The wedding followed last year – congratulations belatedly – ​​how did you experience your big day?

Thanks for that. It was the most beautiful day of our whole life. So actually there were two. We experienced the registry office and the free wedding on different days because we had to postpone our celebration again due to the pandemic. It couldn’t have gone better. Despite the pandemic, we had the opportunity to get married outdoors and the weather cooperated. We were with loved ones and can still smile about the little mistakes, they are part of it. We have two wedding anniversaries and don’t even know which one to celebrate in the future – preferably both.

You have made your desire to have children public on your social media platforms. Was the desire for a family always there?

Our opinions are a bit divided on that. Vanessa has always seen herself with children, but I haven’t. But when the right partner comes into your life, then at some point it will be there, this desire to expand your own family and share your happiness. Of course, it’s not always the case that the desire to have children occurs, but that’s how it was for both of us.

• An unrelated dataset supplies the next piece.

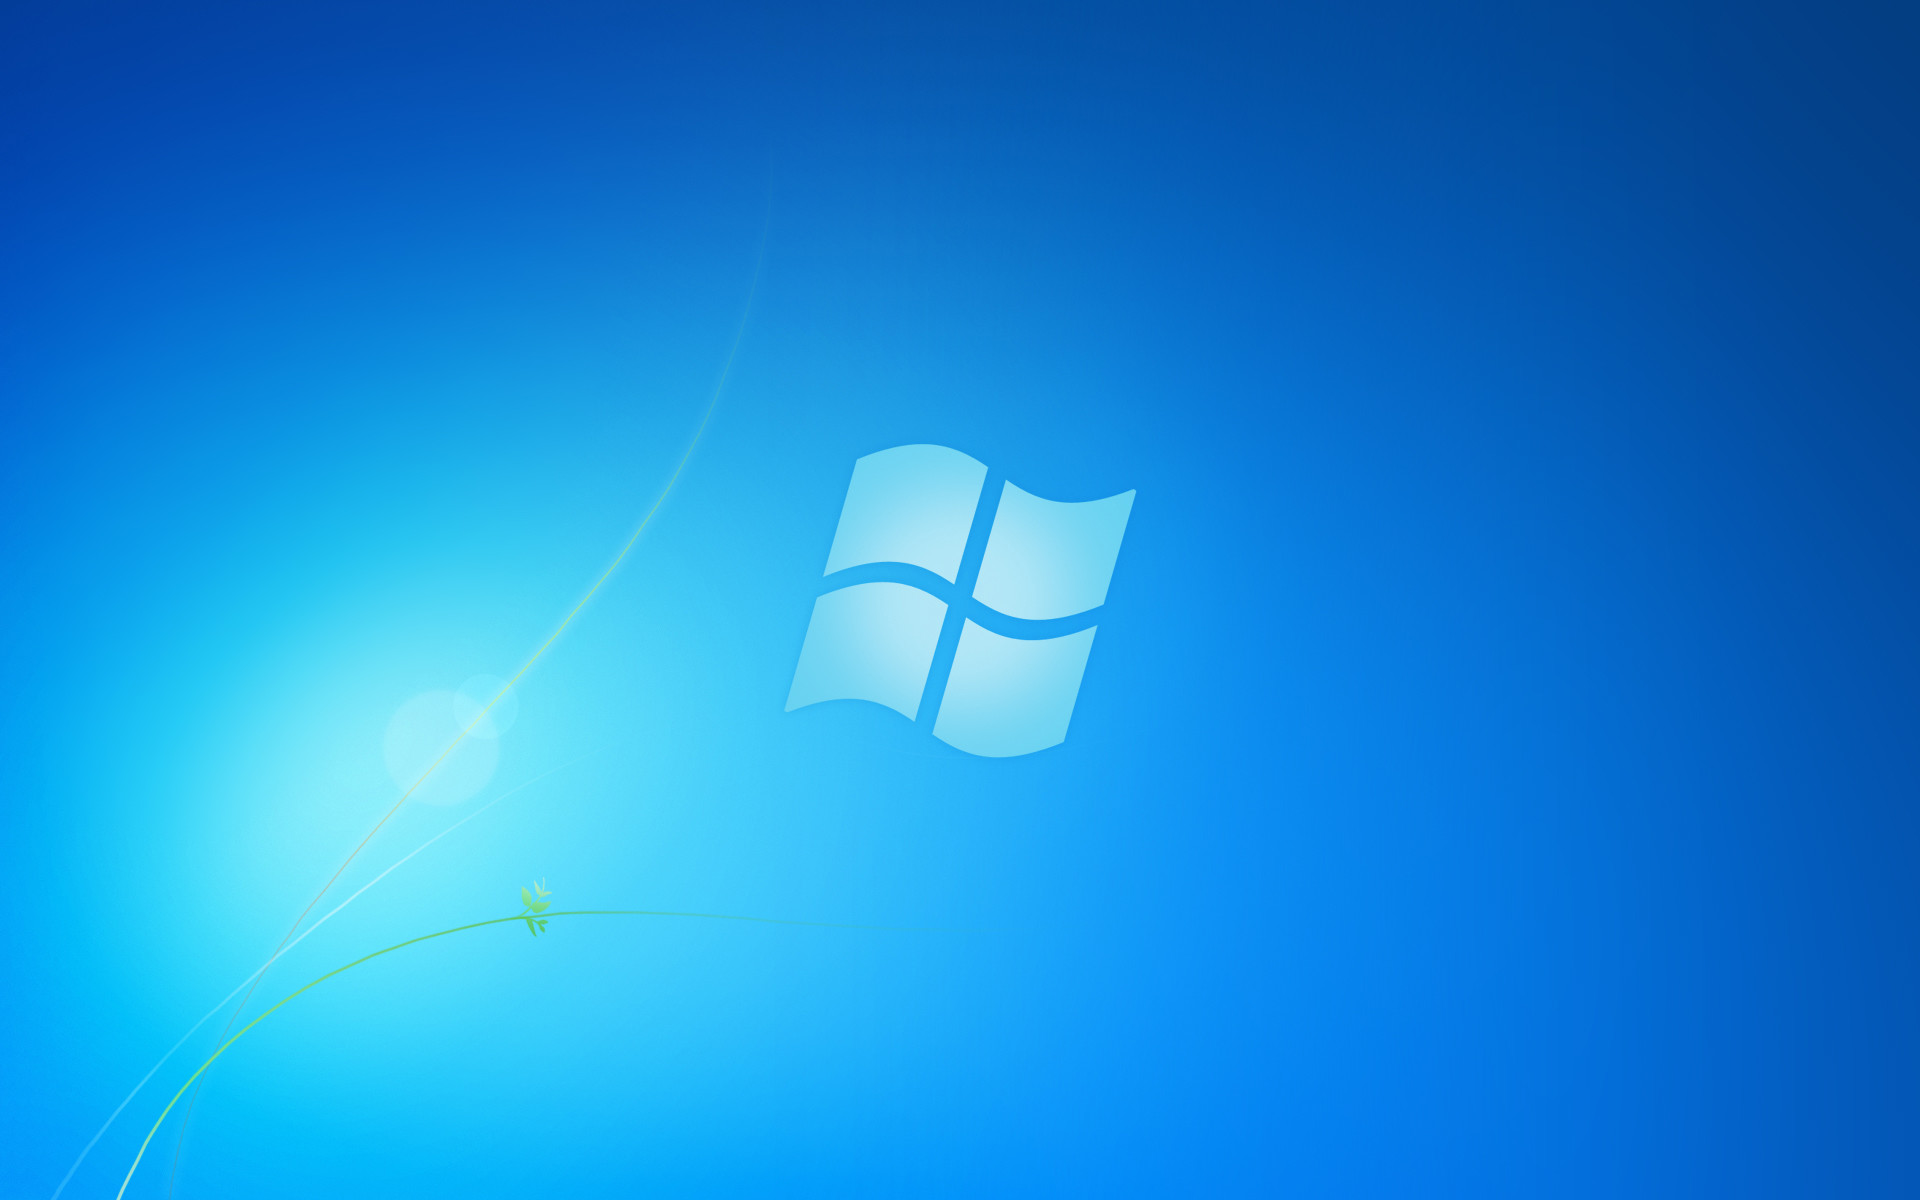 windows 7 wallpaper 1366x768 ·①

You take your followers with you on your fertility journey. Why?

Clearly: To show that there are also children from rainbow families. In general, we don’t want to separate ourselves too much from other couples/parents. We want to accompany our lives and show that two women can live in a relationship and that there are many different family models in the world. It is often ignorance that makes one shy. We want to create visibility.

How does the public react to your desire to have children?

Mixed. Many people accompany us very much and put a lot of heart into it, while others find us “funny, disgusting, selfish”. We realize here that it is still important that we and many others are out there and we should not hide. Are we not entitled to have children because we are lesbians?

What difficulties do same-sex couples have when trying to have children?

Here we can only report from the lesbian point of view and there it is initially the case that only the biological mother is noted as the mother in the child’s birth certificate. In our case, Ina is my wife, but after the birth of our child, she will only be able to legally call it hers through stepchild adoption. In heterosexual couples, the married partner is always recognized as the father, even if he is not the biological father of the child. This process takes time and money, and presents challenges and fears for lesbian couples. The stepchild adoption, for example, also involves a visit from the youth welfare office at home and the submission of a certificate of good conduct.

What do you think should change?

A rethink needs to take place here. Therefore, we have launched a petition to bring about a rethinking in a timely manner. We think that everyone should have the same rights.

Among other things, you use your reach to support the LGBTIQA+ community. What is particularly important to you?

No one should be afraid to hide themselves. Not because of his sexuality, not because of the fear of being different. We want to encourage people. We didn’t have an account like that when we were younger and if we’re honest with ourselves, we could have known much earlier that we were lesbians, but we just didn’t dare to stand up for ourselves. We want to spare others that. So if you’re reading this, do what makes you happy and not others.

This article previously appeared on Gala.de.